Elle paracheva son œuvre de quelques dessins aussi obscènes que laids, censés ridiculiser son professeur. Celestia savait très bien qu'elle devrait tout remettre en ordre avant que Regal ou quelqu'un d'autre ne s'aperçoive de ce qu'elle avait fait mais les tripes de l'adolescente étaient trop en feu pour lui permettre d'écouter la partie rationnelle de son cerveau.
Pour la forme, elle tira la langue devant la salle de classe vide avant de sortir de la pièce, dans sa colère, ne remarquant même pas qu'elle laissait des traces de pas encrés là où elle passait.
L'alicorne gagna la sortie de l'école et se mit à marcher droit devant elle, sourde aux appels de ses camarades de classe qui restaient encore à proximité de l'école.

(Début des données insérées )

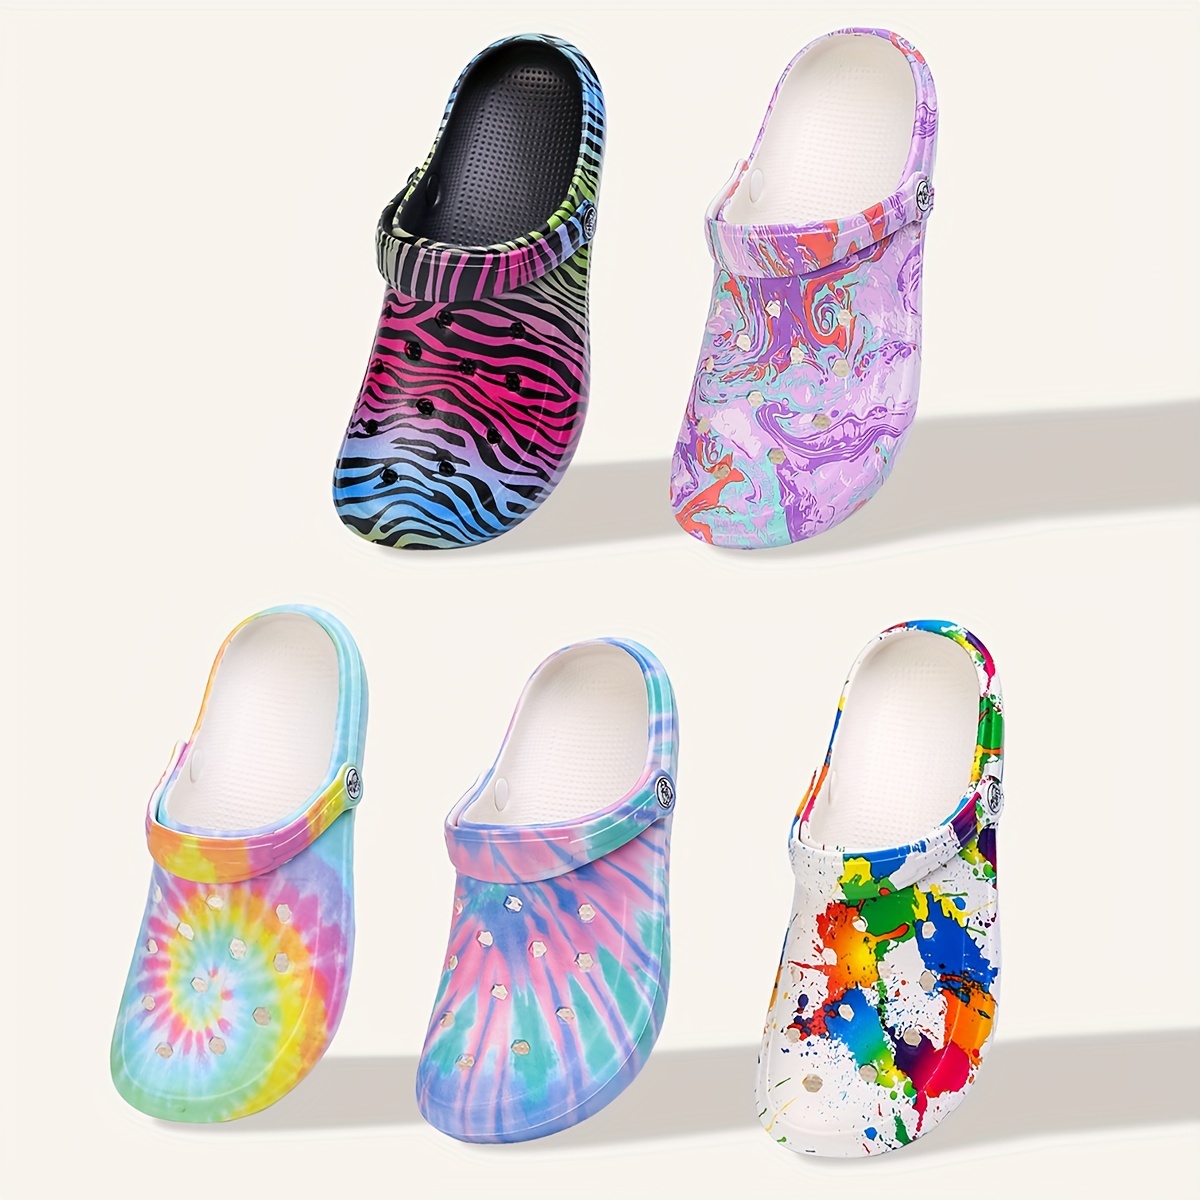 

Women's Tie Dye Print Garden Clogs, Trendy Soft Sole Pillow Shoes, Lightweight Slip On Clogs For Holiday
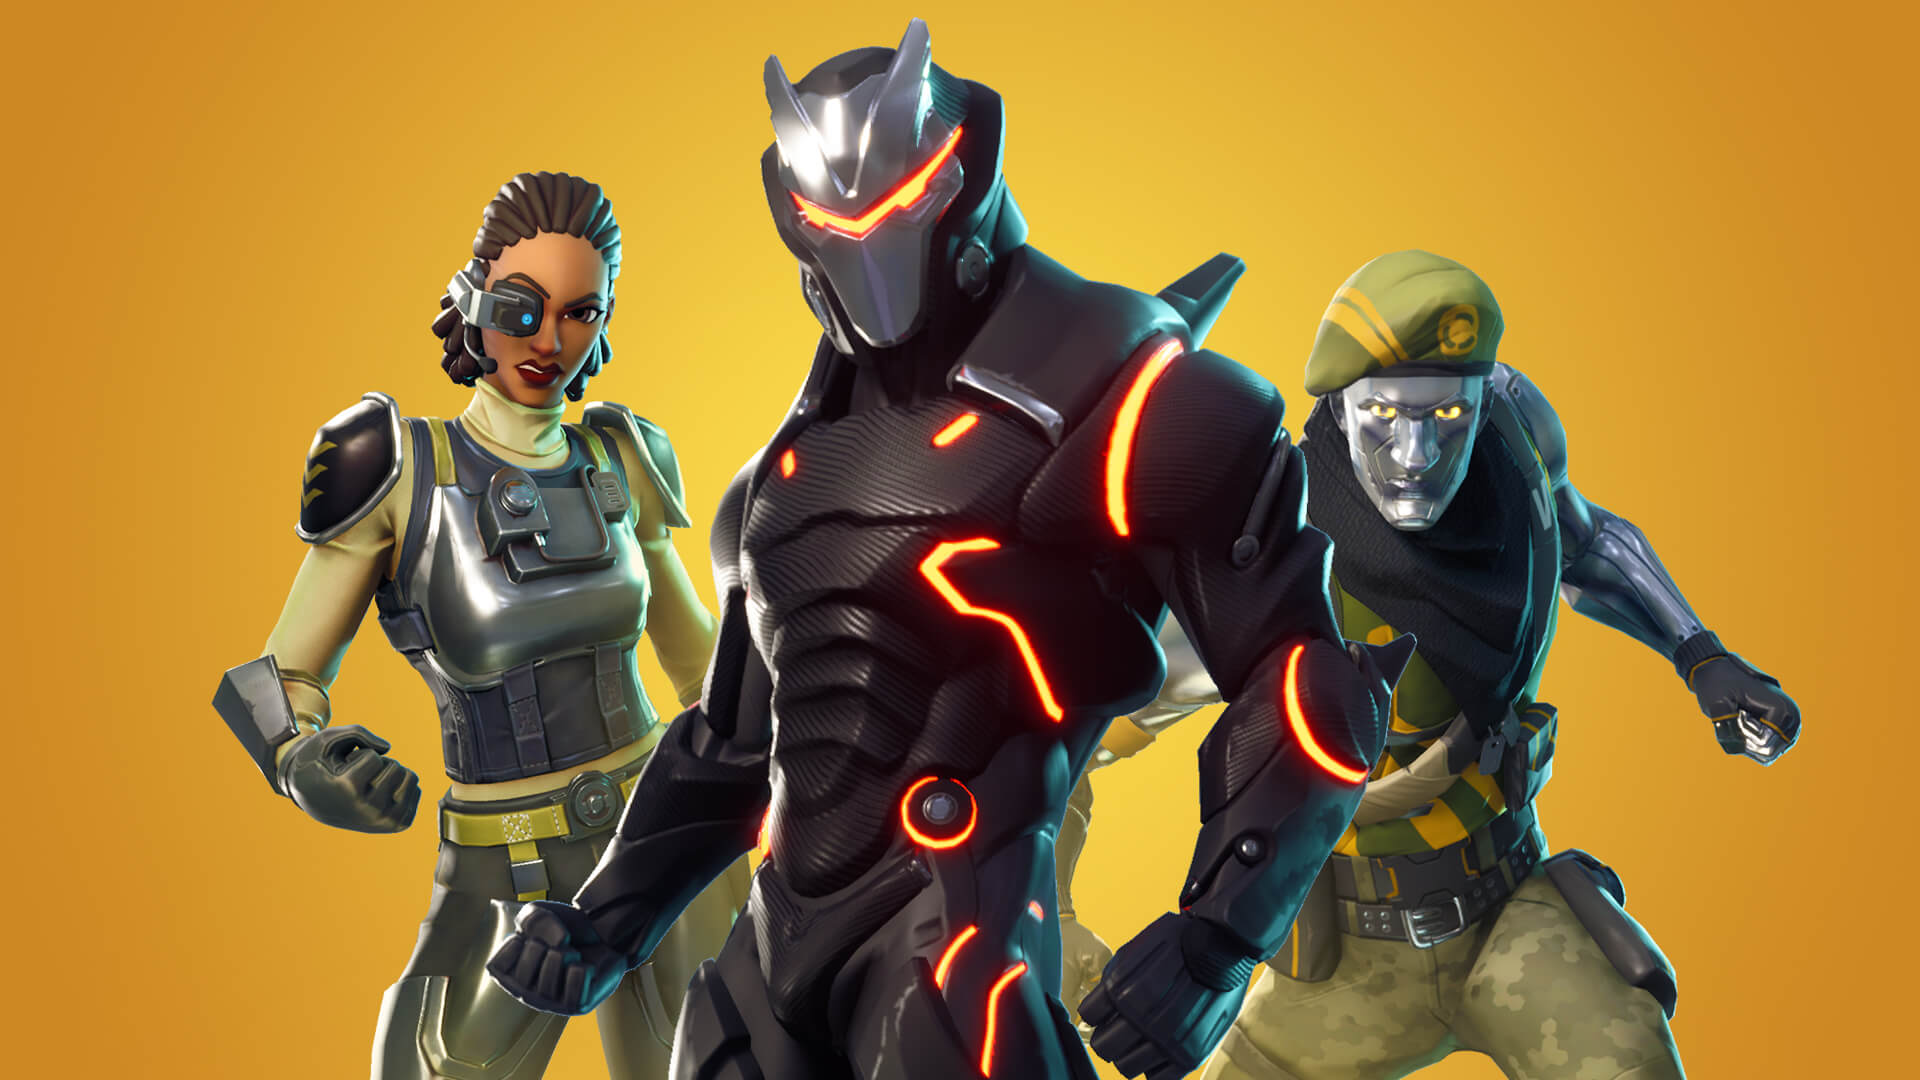 Fortnite made $2.4 billion in 2018 as free-to-play and mobile games  dominated the market

Une chance qu'on soit que vendredi, se dit l'adolescente, c'était le jour où Luna terminait plus tard. Du coup, Celestia avait l'habitude de rentrer seule directement à la maison ou de traîner quelques heures en ville pour venir chercher Luna à la sortie des classes avec son père ou sa mère.
Là, Celestia avait besoin d'être seule, dans un endroit calme. Et il n'y en avait qu'un qui lui venait à l'esprit.
Evercon.
Moins d'une demi-heure après son échange avec le professeur Regal, Celestia se trouvait dans l'atmosphère protectrice du bassin asséché des bois d'Evercon, coupée du monde, au calme.
Elle avait volé avec rage jusqu'à la forêt, incapable de se sortir les mots cruels de son enseignant de l'esprit. Ca ne lui suffisait pas de l'humilier devant toute la classe en la faisant passer pour une idiote ? Apparemment, il pouvait aussi frapper là où ça faisait mal. Ou ça faisait très mal.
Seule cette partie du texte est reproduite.